Gegenwärtig richten sich alle Blicke auf Nam Theun 2. Dieser mit einer Kapazität von 681 Megawatt leistungsfähigste Staudamm entsteht gerade etwa 250 Kilometer südöstlich von Vientiane am gleichnamigen größten Zufluss des Mekong. An seinem Bau beteiligt sind fünf internationale Gesellschaften6, die mit der laotischen Regierung zusammenarbeiten und sich zum Elektrizitätskonsortium Nam Theun 2 (NTEC) zusammengeschlossen haben. Nach Angaben des NTEC soll der Damm die thailändische Elektrizitätsgesellschaft – Electricity Generating Authority of Thailand (EGAT) – mit Energie im Wert von jährlich 250 Millionen US-Dollar beliefern.

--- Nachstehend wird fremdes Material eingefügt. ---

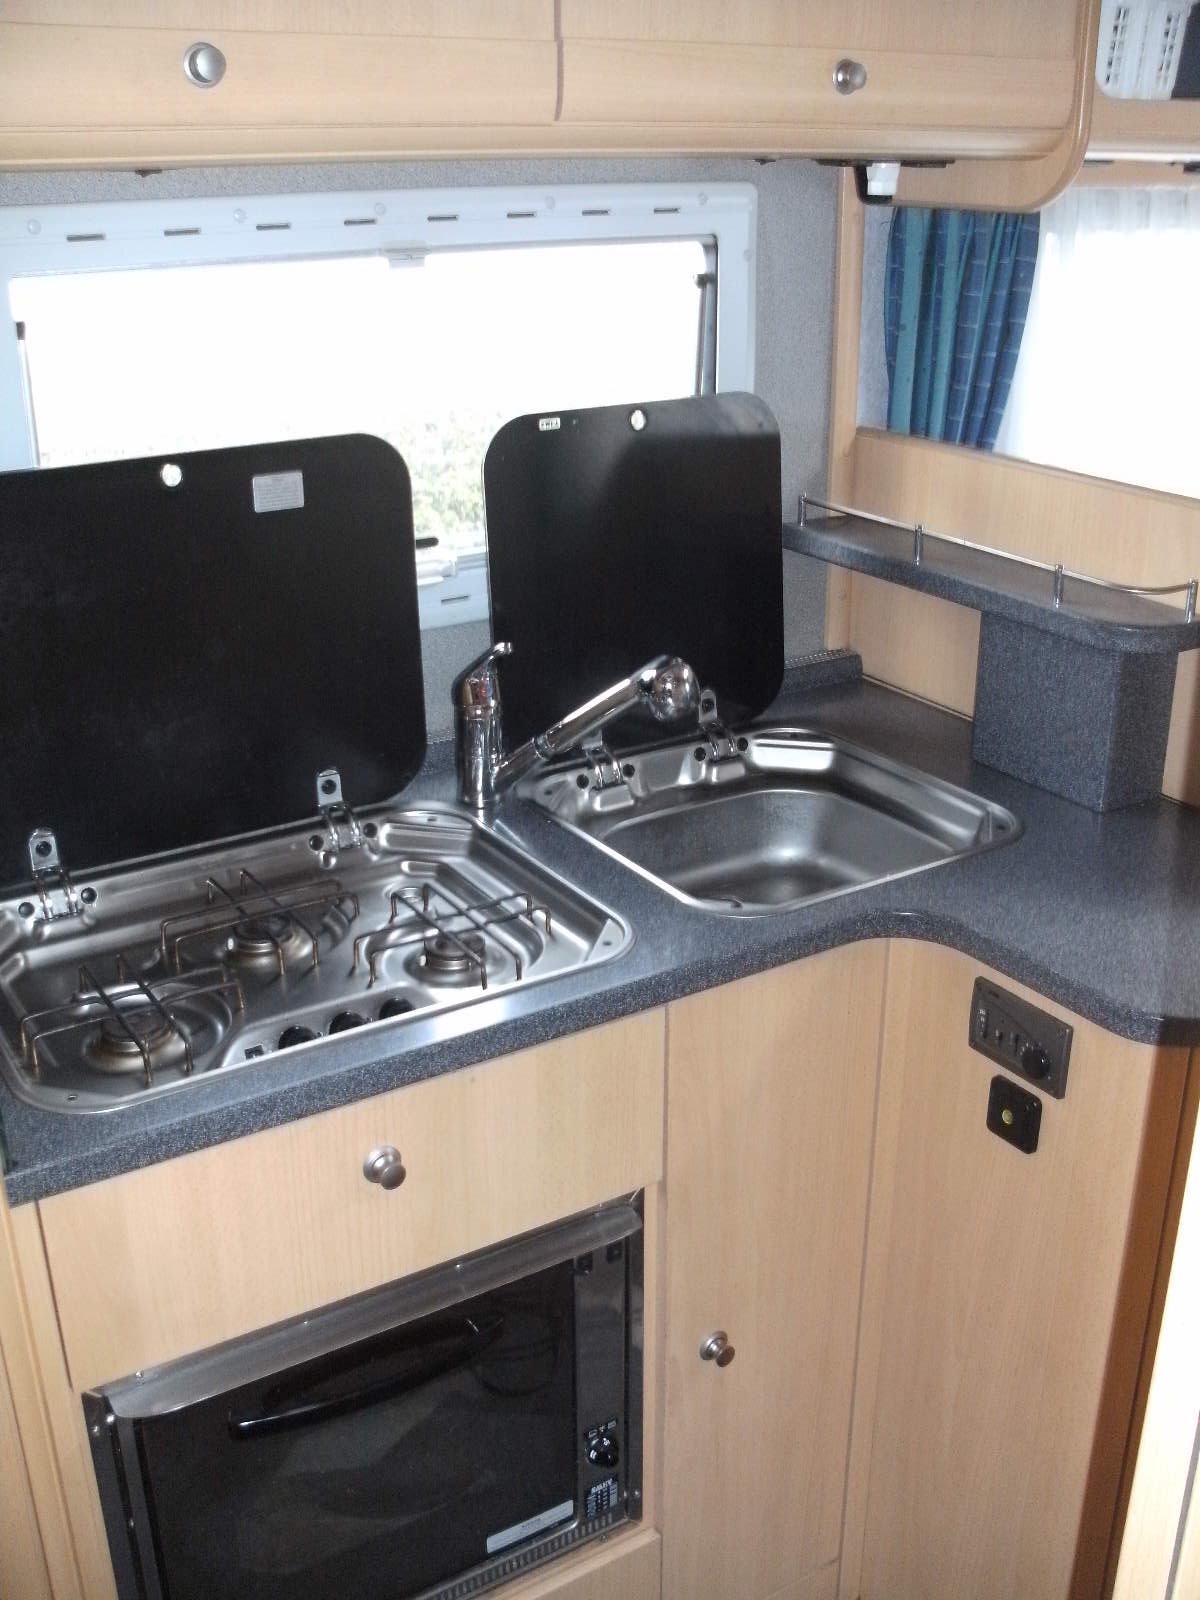 umbau der kochstelle von gas auf induktion wohnmobil forum seite 1. Black Bedroom Furniture Sets. Home Design Ideas

Ein Stausee wird 447 Quadratkilometer Wald unter Wasser setzen, was eine Umsiedelung von etwa viertausend Menschen erforderlich macht. Die Fläche liegt auf dem Hochplateau von Nakai, das zahlreiche Experten als ein Naturreservat ersten Ranges mit einer einzigartigen Pflanzenvielfalt und seltenen Tierarten betrachten. Bereits vor einigen Jahren wurde das Tal abgeholzt, angeblich um den Umweltschützern und Gegnern des Projekts den Wind aus den Segeln zu nehmen.
Diese Fakten sind freilich umstritten7 und lösten eine heftige öffentliche Debatte aus. Eine noch wichtigere Rolle spielt dabei das Missverhältnis zwischen der erforderlichen Investitionssumme von 1,5 Milliarden US-Dollar und den schwachen finanziellen Ressourcen des Staates, dessen Bruttoinlandsprodukt unter 2 Milliarden US-Dollar liegt.

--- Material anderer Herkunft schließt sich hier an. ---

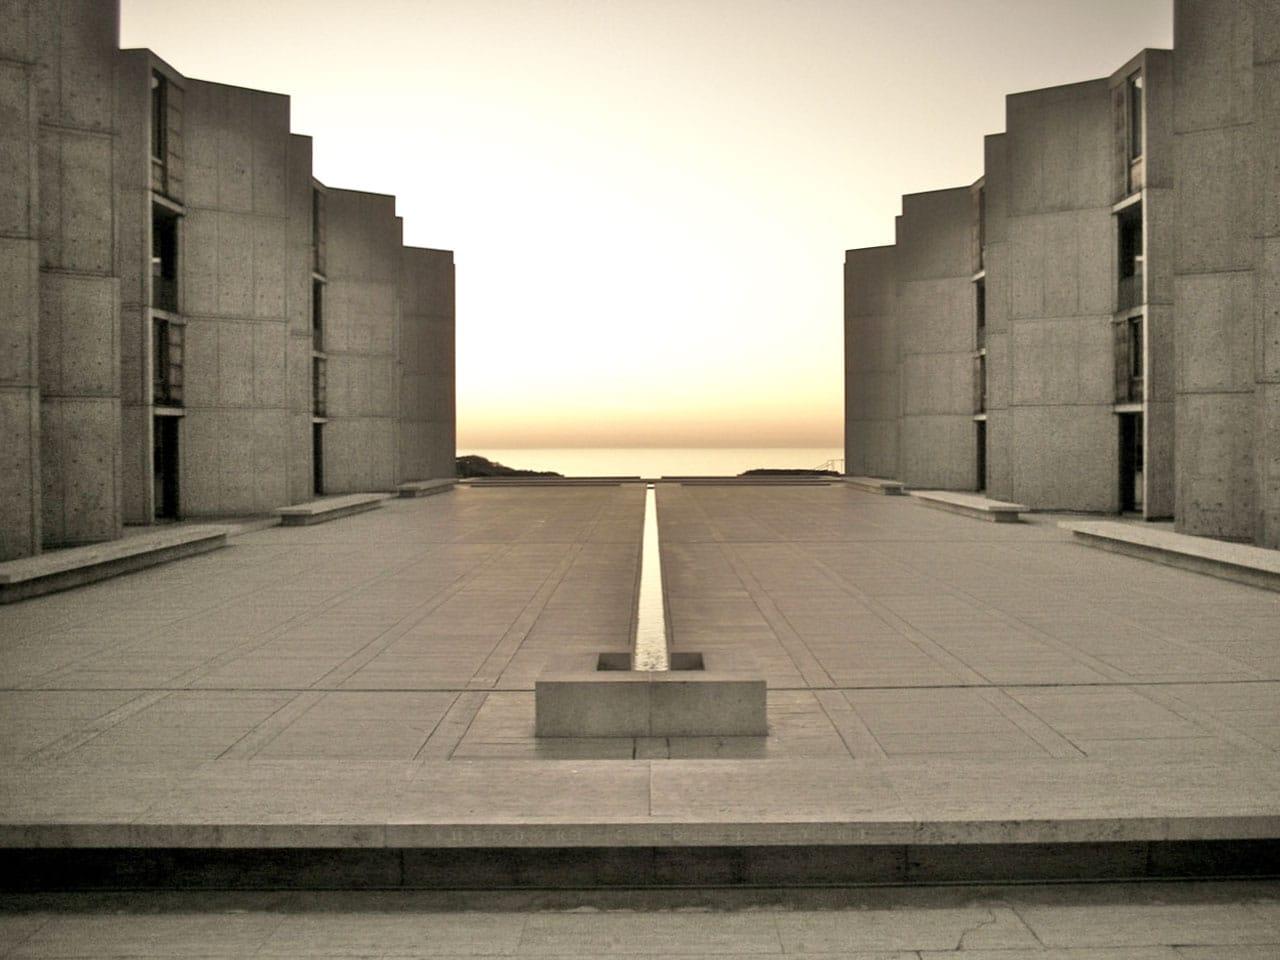 Salk_Institute Louis Kahn Salk Institute | 1959-1965

„Die Kosten des Staudamms und die Risiken seiner betrieblichen Nutzung gehen ja größtenteils [zu etwa 70 Prozent] zu unseren Lasten“, verteidigt sich das Konsortium. Die Investitionen sollen sich dadurch amortisieren, dass 25 Jahre lang der aus der Nutzung des Staudamms entstehende Gewinn abgeschöpft wird.
Anschließend wird der Staudamm in den Besitz des Staats übergehen, dem dann das alleinige Nutzungsrecht zusteht – sofern bis dahin noch nicht eingetreten ist, was manche Hydrologen befürchten, dass nämlich „der Nam Theun mit seinen starken Ablagerungen die profitable Aktivität des Staudamms zunichte gemacht hat“. Diese Unwägbarkeiten wie auch der Druck der Umweltschützer hatten die Weltbank und die laotische Regierung veranlasst, drei neue Gutachten in Auftrag zu geben, die schließlich zu einem positiven Ergebnis kamen.8 Nam Theun 2 allein dürfte das Bruttoinlandsprodukt des Landes um etwa 15 Prozent steigern. Zwischen 1988 und August 1997 flossen 66 Prozent aller in Laos getätigten Auslandsinvestitionen in den Sektor Hydroelektrizität.9Seitdem Laos 1986 den Weg für die Marktwirtschaft freigemacht hat, kann sich auch die alte Garde, die nach wie vor die politischen Zügel in der Hand hält10, immer weniger der ökonomischen Aufbruchstimmung entziehen, die in ganz Südostasien um sich greift und auch Vietnam und China erfasst hat, zwei große kommunistische Bruderstaaten, die sich ebenfalls mitten im Umbruch befinden. Nach dem Vorbild Vietnams gehört inzwischen auch Laos dem Verband Südostasiatischer Staaten (Asean) an – einer prowestlichen Organisation, die einmal als Front gegen das „rote Indochina“ gegründet wurde. Noch erstaunlicher aber ist wohl der Anteil der USA an den Auslandsinvestitionen, der inzwischen schon 30 Prozent des Gesamtvolumens ausmacht.11 Investitionen in ein Land, dessen Bergbewohner und Bauern bei der Feldarbeit noch heute unter einer Hinterlassenschaft des Krieges leiden: den „Bombies“, den fürchterlichen Splitterbomben.